In 1962, the German political philosopher Theodor W. Adorno memorably wrote that “[l]ike every philosophical term, ‘progress’ has its equivocations; and as in any such term, these equivocations also register a commonality. What at this time should be understood by the term ‘progress’ one knows vaguely, but precisely: for just this reason one cannot apply the concept roughly enough. To use the term pedantically merely cheats it out of what it promises: an answer to the doubt and the hope that things will finally get better, that people will at last be able to breathe a sigh of relief.”1 Certainly it is impossible to breathe such a sigh of relief in these terrible times.
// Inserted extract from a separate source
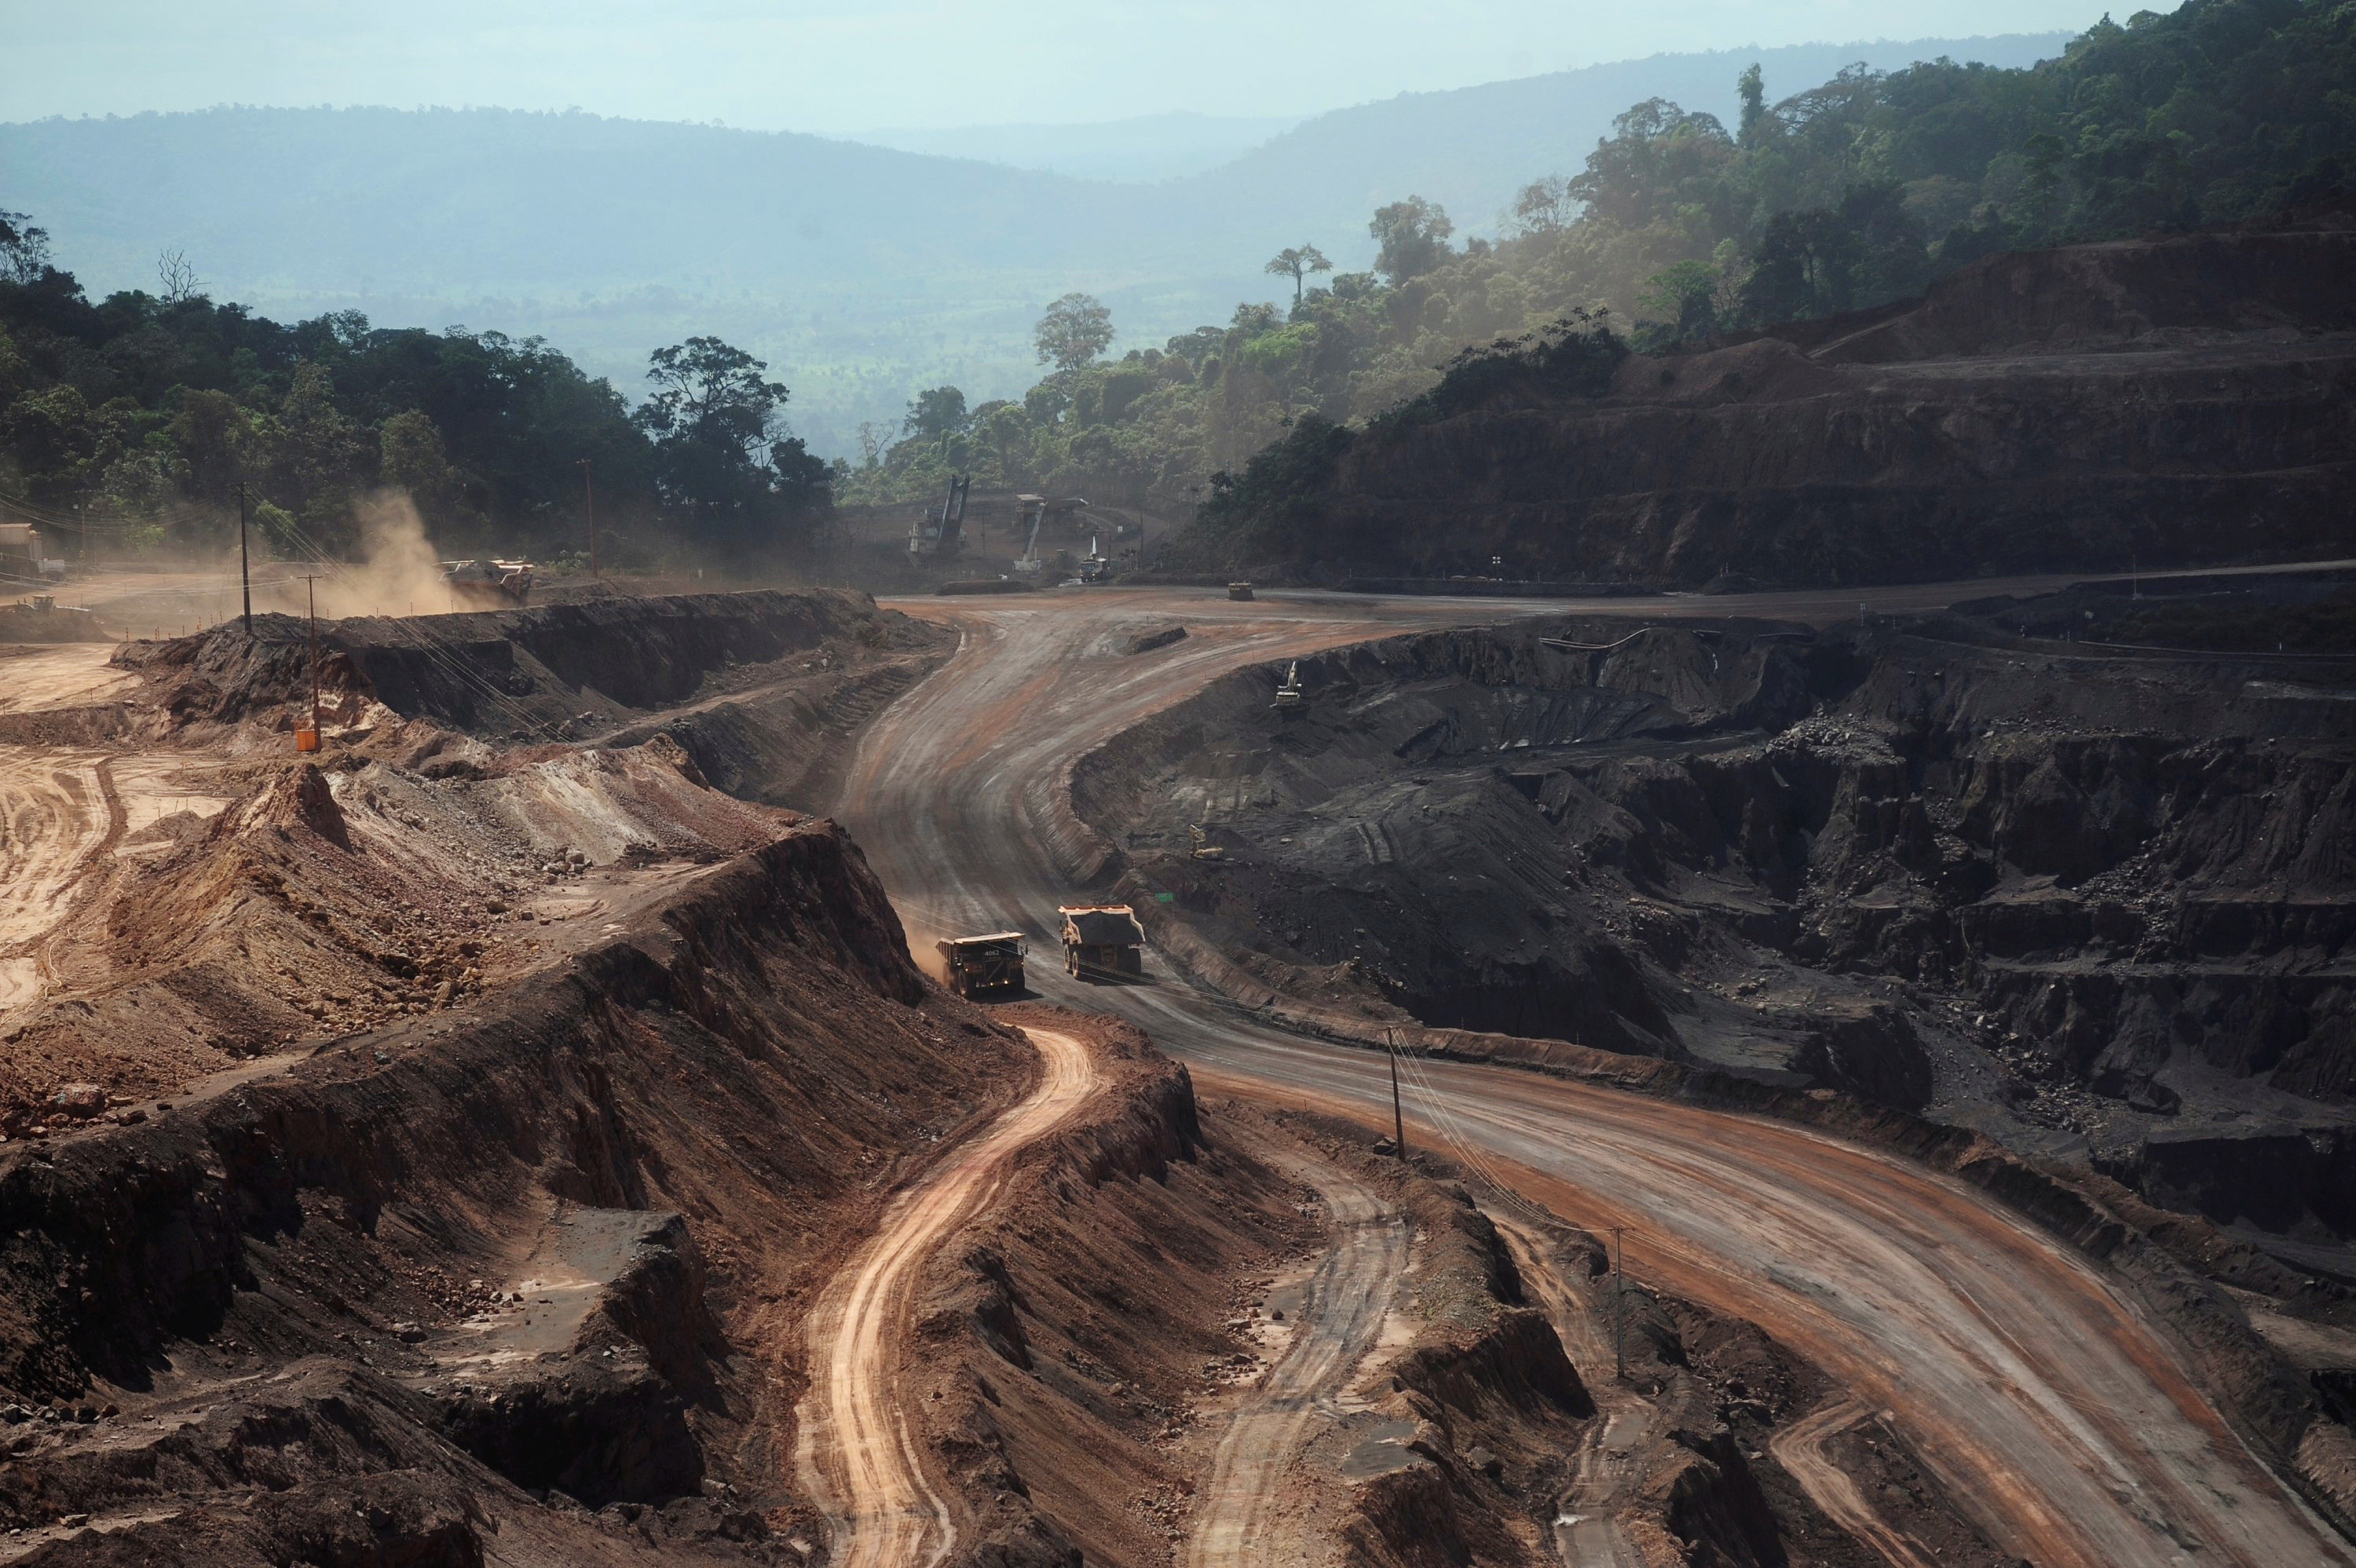 Vale's Ferro Carajas iron ore mine in the Carajas National Forest in Parauapebas as seen in 2012

Shortly after September 11, the United States declared that “we” were at war with the “axis of evil,” including but hardly excluded to Al-Qaeda. Since then, “we” have bombed Afghanistan and conquered Iraq. I put “we” in quotation marks because I was one of the hundreds of thousands who marched and protested week after week, month after month, with the hope that war could be avoided. There was reason to hope, after all, because the UN’s weapons inspectors dutifully reported that Iraq did not pose a national security threat to the United States. But facts have not mattered much to the Bush administration. And “we” are not to be bothered by them either. Anyone who boorishly insists on facts is un-American and reminded that “we” are at war. Bush has declared that the war against Iraq is now officially over but not the real war. The other one. The big one. The infinite war on terror. Iraq is just one battlefield, and in that battelfield, the war is clearly not over. How can anyone breathe a sigh of relief when the battles in Iraq continue to intensify and we are told there soon will be other battlefields? It has never been more difficult to believe in the ideal of progress-an ideal whose history is not that pretty, bound up as it is with imperialism and war.